We talked for a little time about the War and its effects on various people, and at length he went on:"But there's just one more point that I must mention—and perhaps in some ways the oddest of all. It came out during my enquiries at the mission. They all did their best for me there, as you can guess, but they couldn't recollect much, especially as they'd been so busy with a fever epidemic at the time. One of the questions I put was about the manner Conway had reached the hospital first of all—whether he had presented himself alone, or had been found ill and been taken there by some one else. They couldn't exactly remember—after all, it was a long while back—but suddenly, when I was on the point of giving up the cross-examination, one of the nuns remarked quite casually, 'I think the doctor said he was brought here by a woman. 'That was all she could tell me, and as the doctor himself had left the mission, there was no confirmation to be had on the spot.

"But having got so far, I wasn't in any mood to give up. It appeared that the doctor had gone to a bigger hospital in Shanghai, so I took the trouble to get his address and call on him there. It was just after the Jap air-raiding, and things were pretty grim. I'd met the man before during my first visit to Chung-Kiang, and he was very polite, though terribly overworked—yes, terribly's the word, for, believe me, the air-raids on London by the Germans were just nothing to what the Japs did to the native parts of Shanghai. Oh, yes, he said instantly, he remembered the case of the Englishman who had lost his memory. Was it true he had been brought to the mission hospital by a woman? I asked. Oh, yes, certainly, by a woman, a Chinese woman. Did he remember anything about her? Nothing, he answered, except that she had been ill of the fever herself, and had died almost immediately. …Just then there was an interruption—a batch of wounded were carried in and packed on stretchers in the corridors—the wards were all full—and I didn't care to go on taking up the man's time, especially as the thudding of the guns at Woosung was a reminder that he would still have plenty to do. When he came back to me, looking quite cheerful even amidst such ghastliness, I just asked him one final question, and I dare say you can guess what it was. 'About that Chinese woman, 'I said. 'Was she young? '"

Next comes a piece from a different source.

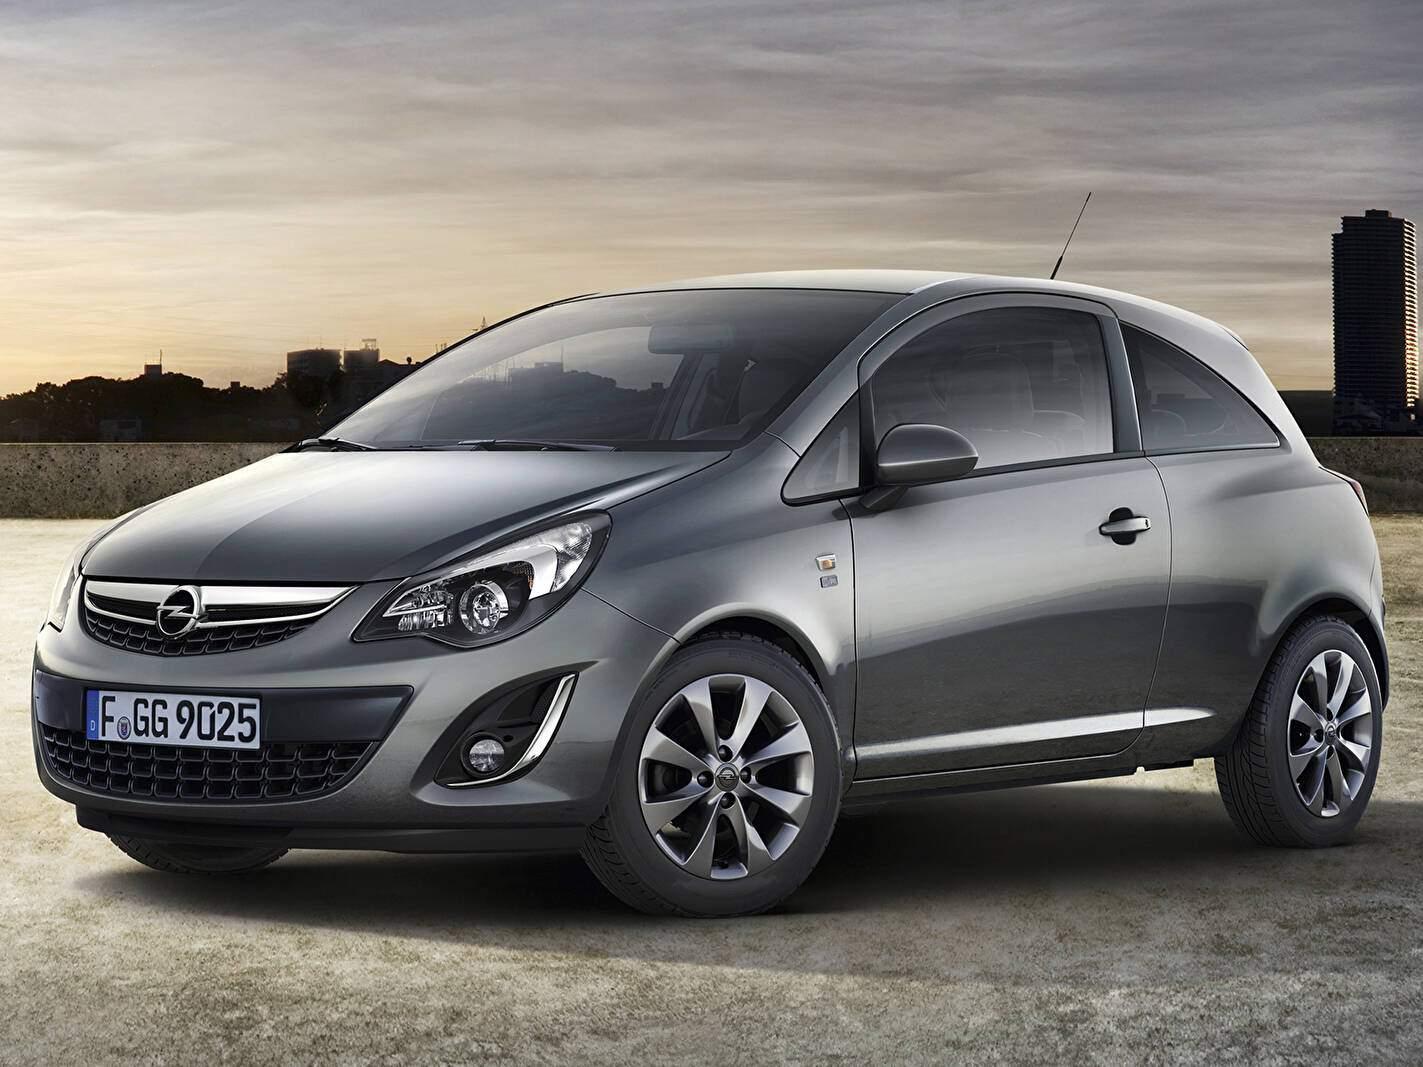 Opel Corsa IV 1.2 Twinport 85 « 150th Anniversary » (2012),  ajouté par fox58
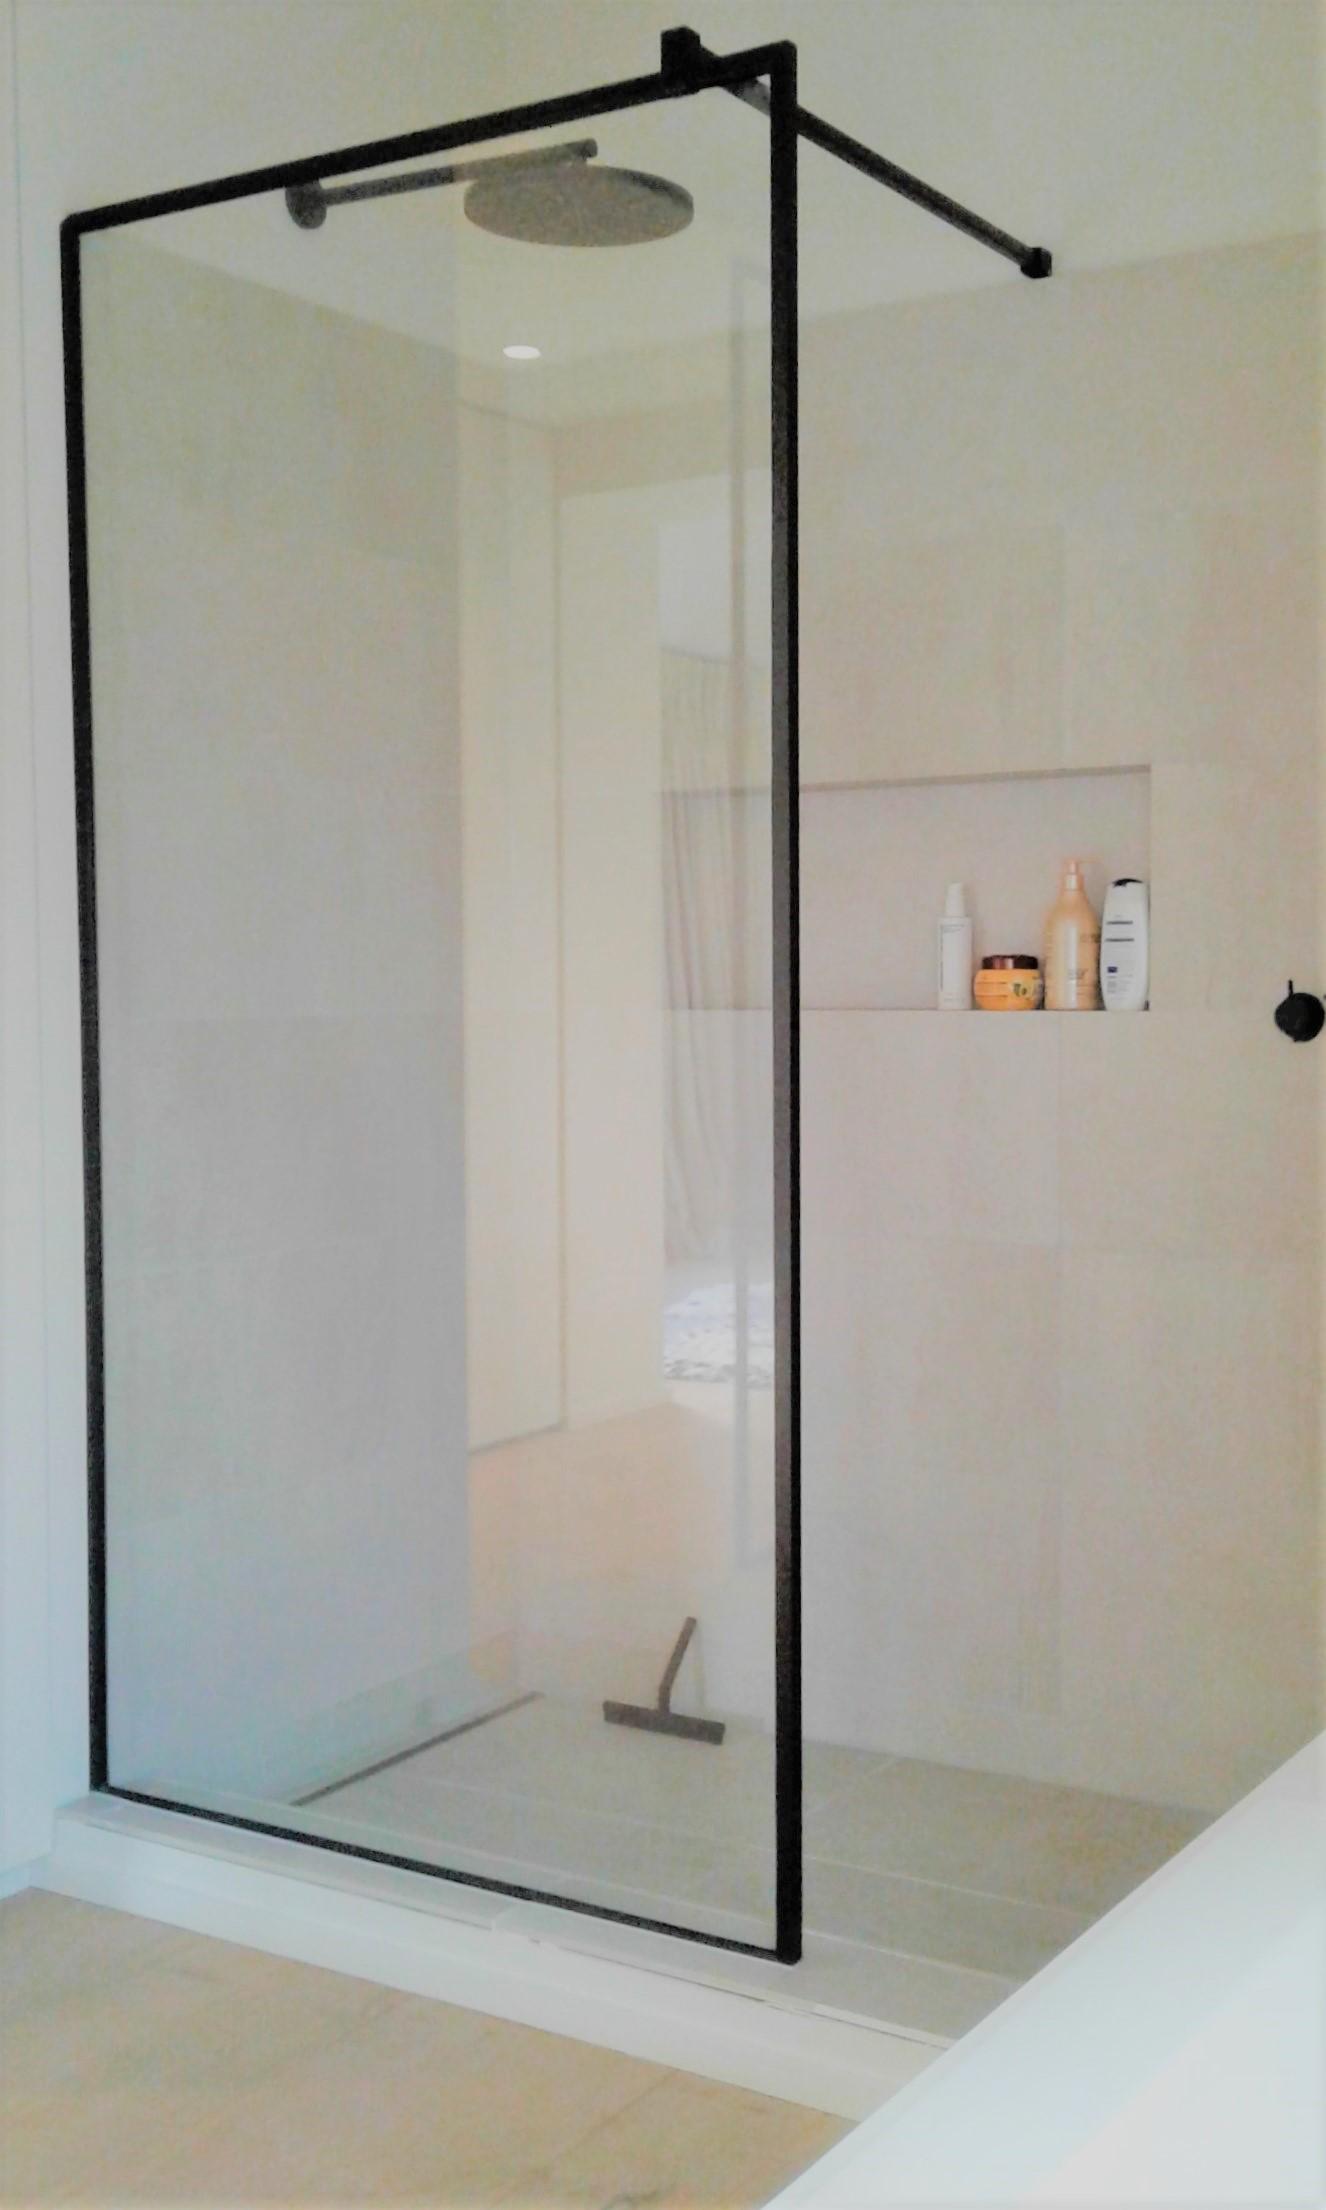 Glazen douchewanden, douchedeuren & doucheschermen : Glaswerken ...

Rutherford flicked his cigar as if the narration had excited him quite as much as he hoped it had me. Continuing, he said:"The little fellow looked at me solemnly for a moment, and then answered in that funny clipped English that the educated Chinese have—'Oh, no, she was most old—most old of anyone I have ever seen. '"

We sat for a long time in silence, and then talked again of Conway as I remembered him, boyish and gifted and full of charm, and of the War that had altered him, and of so many mysteries of time and age and of the mind, and of the little Manchu who had been "most old" and of the strange ultimate dream of Blue Moon.

"Do you think he will ever find it?" I asked.